A large fraction of singleton families in `family_sizes.txt` may indicate UMI collisions,
over-sequencing, or incorrect read structures. A distribution skewed toward large values in
`position_group_sizes.txt` may indicate UMI exhaustion or very high on-target duplication.
## Duplex Metrics
The `duplex-metrics` command uses specific terminology for family types:
| **CS** | Coordinate-Strand | Families defined by genome coordinates and strand only (no UMI information) |
| **SS** | Single-Stranded | Families defined by coordinates, strand, and UMI. Two SS families from the same molecule (e.g., 50/A and 50/B) are counted separately |
| **DS** | Double-Stranded | Collapsed across SS families from the same molecule. SS families from opposite strands become one DS family |
The duplex-metrics output files include:
| `<prefix>.family_sizes.txt` | Family size distribution by type (CS/SS/DS) |
| `<prefix>.duplex_family_sizes.txt` | Duplex family sizes by A→B and B→A strand counts |
| `<prefix>.duplex_yield_metrics.txt` | Summary QC metrics at subsampling levels (5%–100%) |
| `<prefix>.umi_counts.txt` | UMI observation frequencies |
| `<prefix>.duplex_umi_counts.txt` | Duplex UMI pair frequencies (optional, `--duplex-umi-counts`) |
| `<prefix>.duplex_qc.pdf` | QC plots (requires R with ggplot2) |
## Simplex Metrics
`fgumi simplex-metrics` collects comprehensive QC metrics for simplex (single-strand) sequencing
experiments. It takes a UMI-grouped BAM (output of `fgumi group`) as input:
```bash
fgumi simplex-metrics \
--input grouped.bam \
--output simplex_metrics \
--min-reads 3
```
Key options:
- `--min-reads N` — minimum templates per SS family to count it as a consensus family in yield metrics (default: 1)
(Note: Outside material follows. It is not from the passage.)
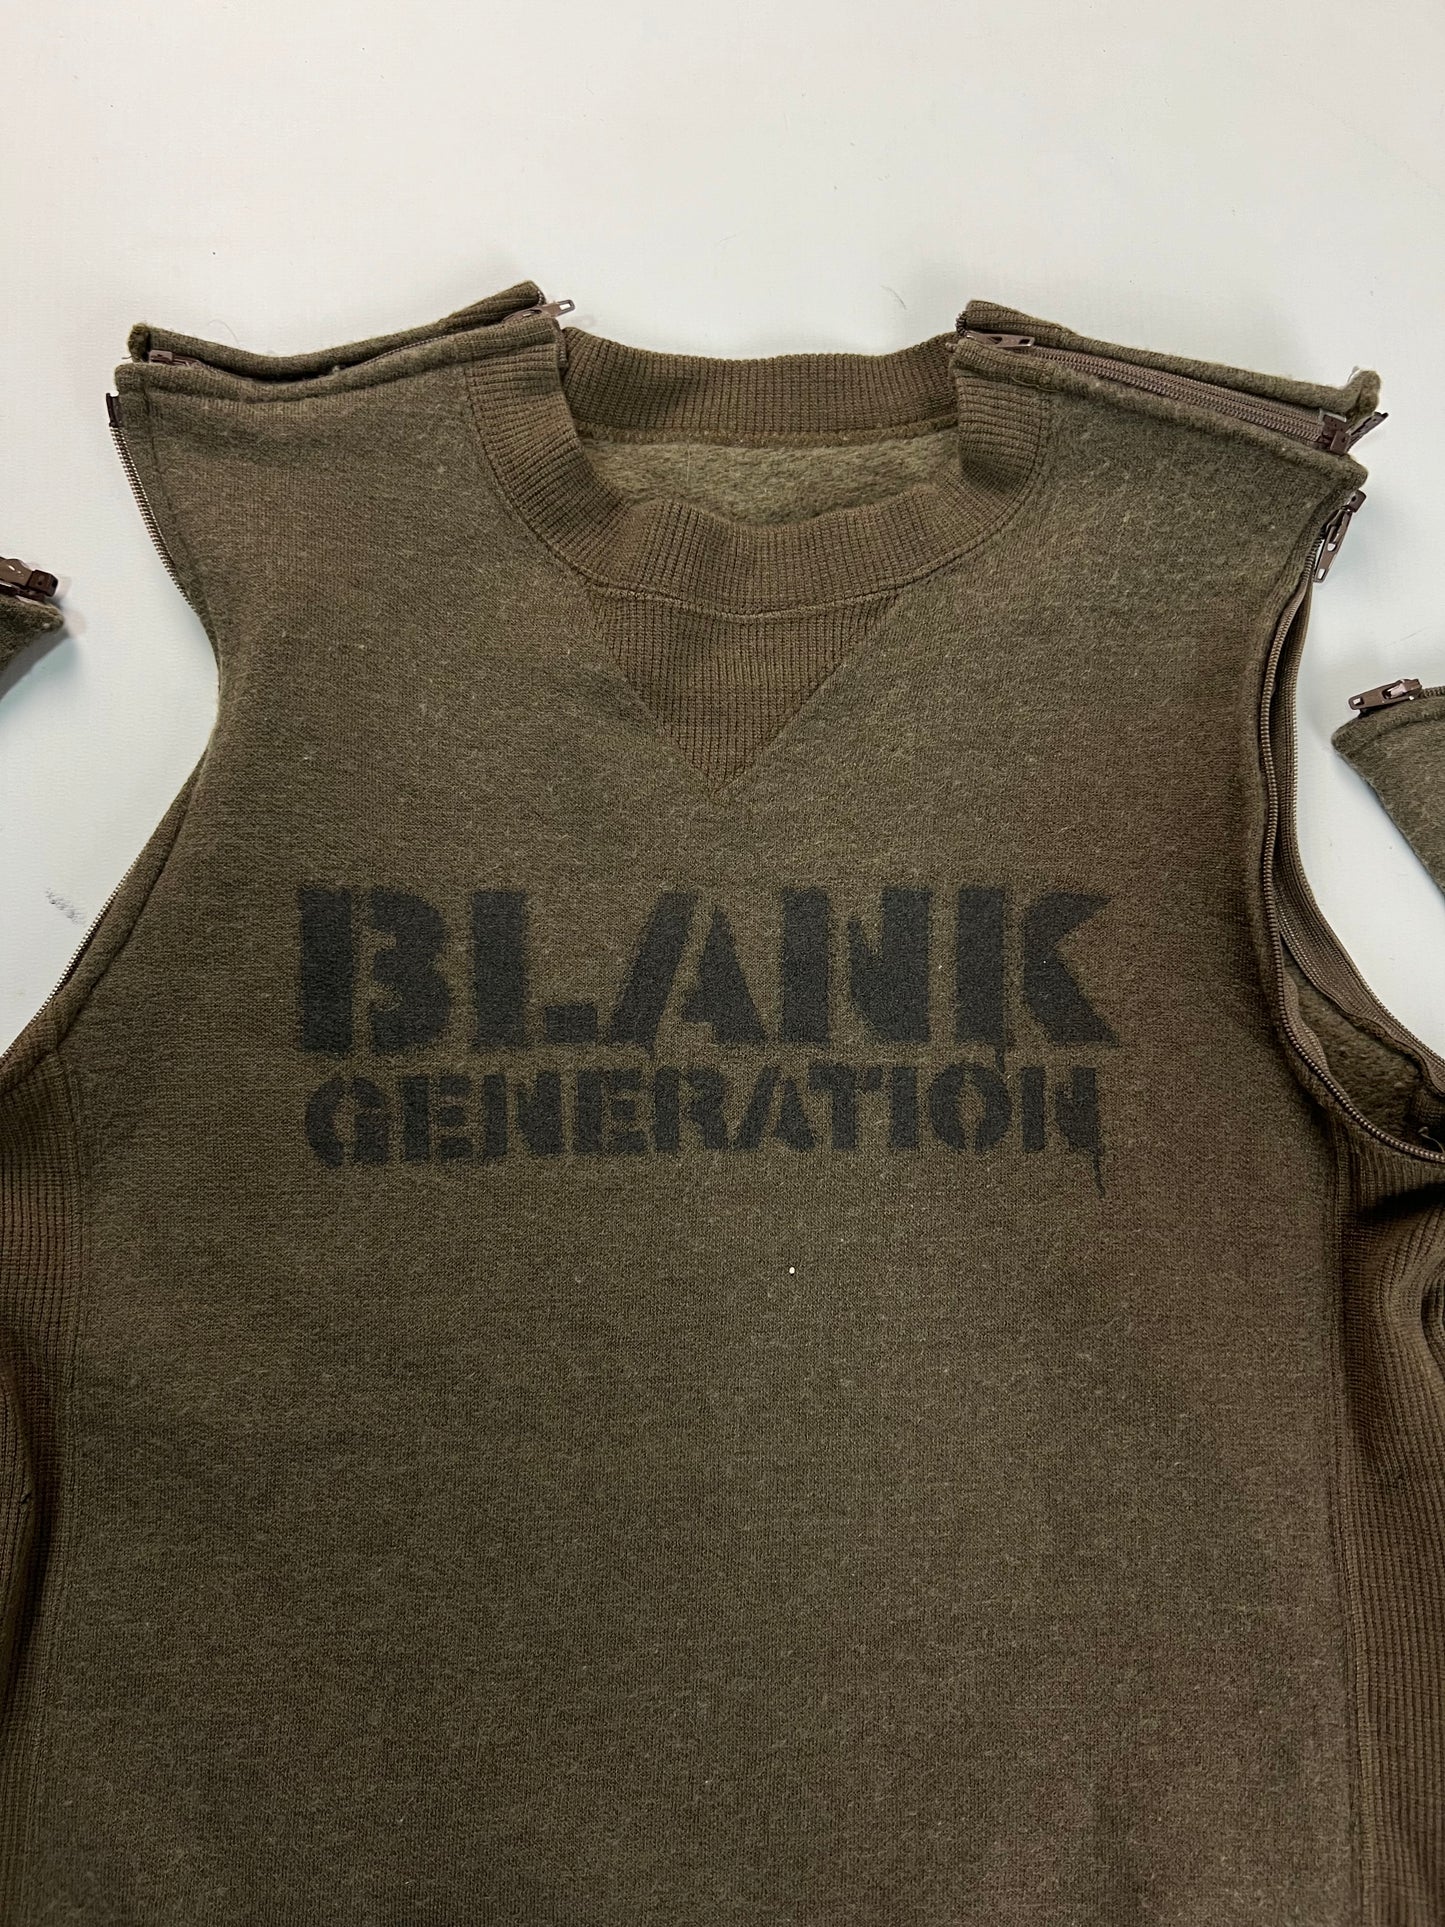 Undercover Blank Generation Sweater SZ:2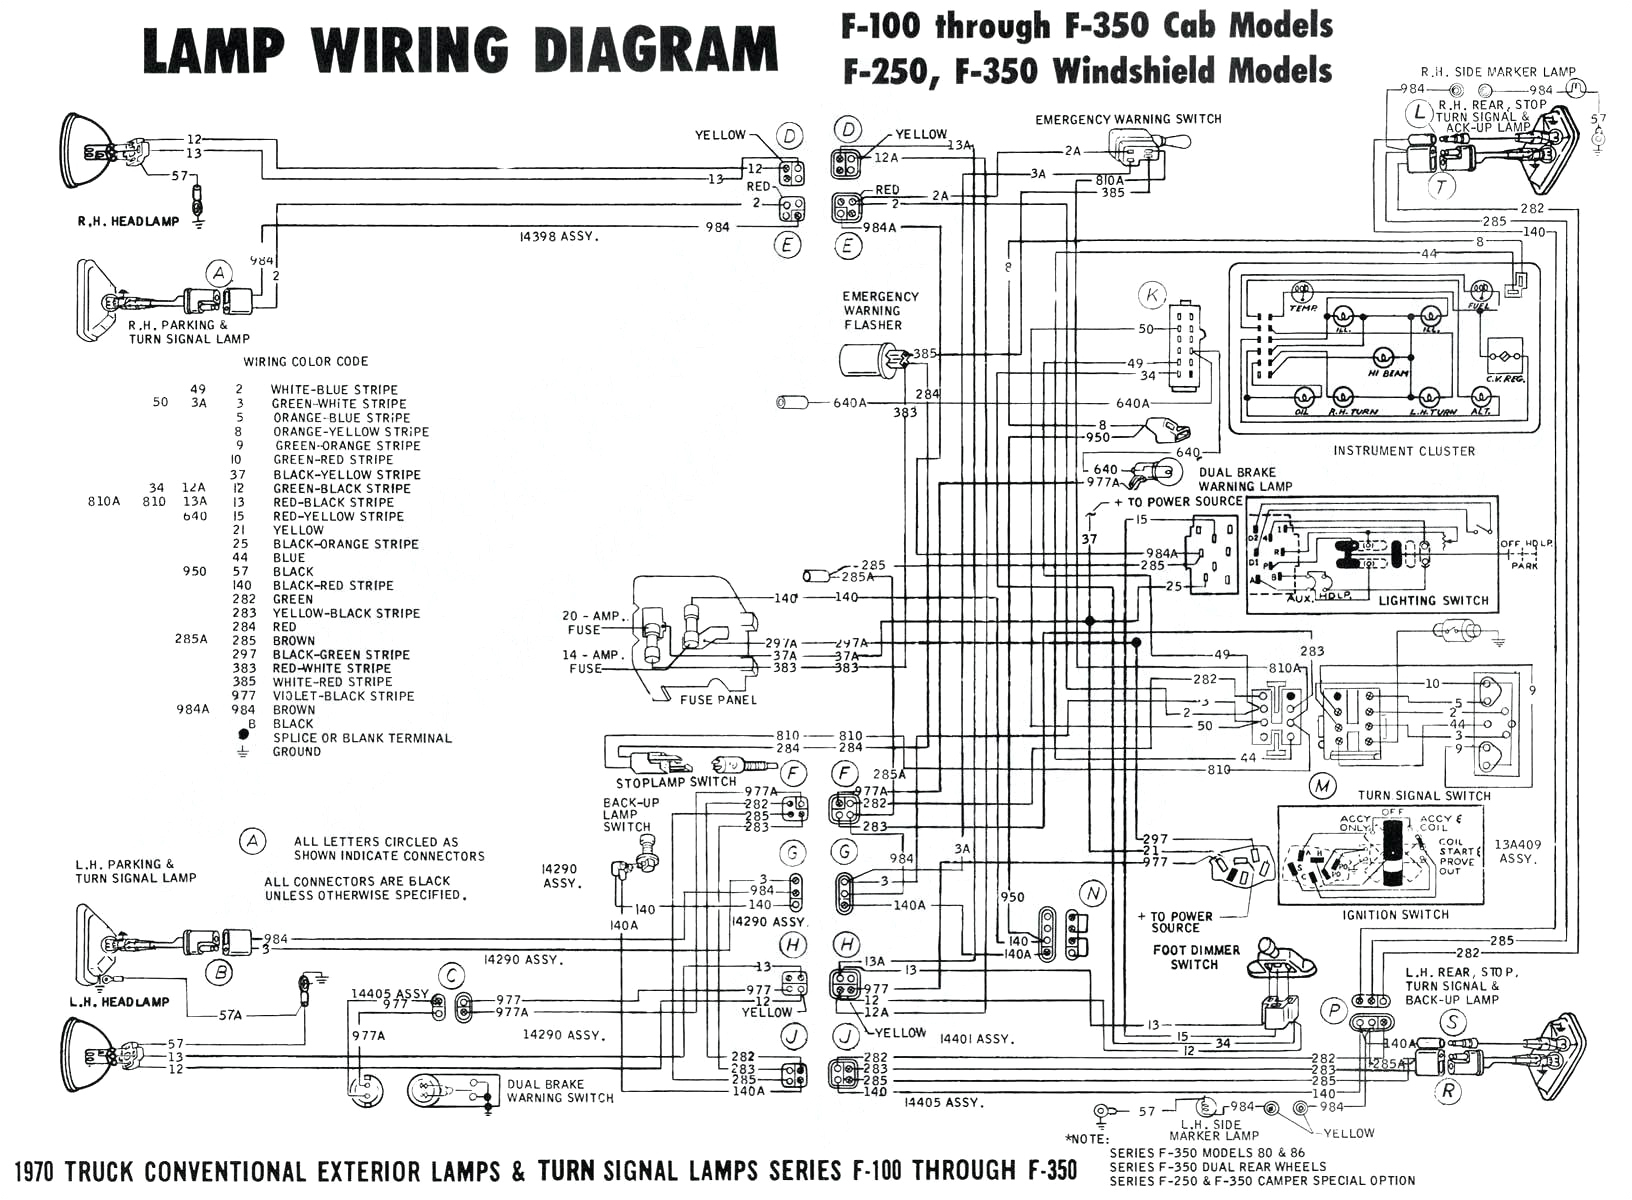 chaparral wiring diagram wiring diagrams second 2003 chaparral wiring diagram chaparral wiring diagram

- `--intervals FILE` — restrict analysis to a BED or Picard interval list
- `--description TEXT` — sample name or description for PDF plot titles
The simplex-metrics output files include:
| `<prefix>.family_sizes.txt` | Family size distribution (CS and SS) |
| `<prefix>.simplex_yield_metrics.txt` | Summary QC metrics at subsampling levels (5%–100%) |
| `<prefix>.umi_counts.txt` | UMI observation frequencies |
| `<prefix>.simplex_qc.pdf` | QC plots (requires R with ggplot2) |
Yield metrics are computed at multiple subsampling fractions (5%, 10%, …, 100%), allowing you to
assess how yield scales with sequencing depth without re-running the full pipeline.
## Reading Metrics Files
### Python
```python
import pandas as pd
# Read horizontal TSV (dedup, codec, duplex-metrics, group)
dedup_metrics = pd.read_csv("dedup_metrics.txt", sep="\t")
# Read vertical KV format (simplex, duplex)
consensus_stats = pd.read_csv("simplex_stats.txt", sep="\t")
# Access metrics by key:
# consensus_stats[consensus_stats["key"] == "consensus_reads_emitted"]["value"]
# Read filter stats (no header)
filter_stats = pd.read_csv("filter_stats.txt", sep="\t", header=None, names=["key", "value"])
```
### R
```r
# Read horizontal TSV
dedup_metrics <- read.table("dedup_metrics.txt", header=TRUE, sep="\t")
# Read vertical KV format
consensus_stats <- read.table("simplex_stats.txt", header=TRUE, sep="\t")
# Read filter stats (no header)
filter_stats <- read.table("filter_stats.txt", header=FALSE, sep="\t", col.names=c("key", "value"))
```
## Comparing Metrics
Use `fgumi compare metrics` to compare metrics files between runs:
```bash
fgumi compare metrics file1.txt file2.txt --precision 6 --rel-tol 1e-6
```
This is useful for validating that pipeline changes produce equivalent results. See the [compare documentation](https://github.com/fulcrumgenomics/fgumi/blob/main/docs/compare-cli.md) for details.
> **Note:** `fgumi compare` is a developer tool not included in standard builds. Build with `--features compare` to enable it: `cargo build --release --features compare`.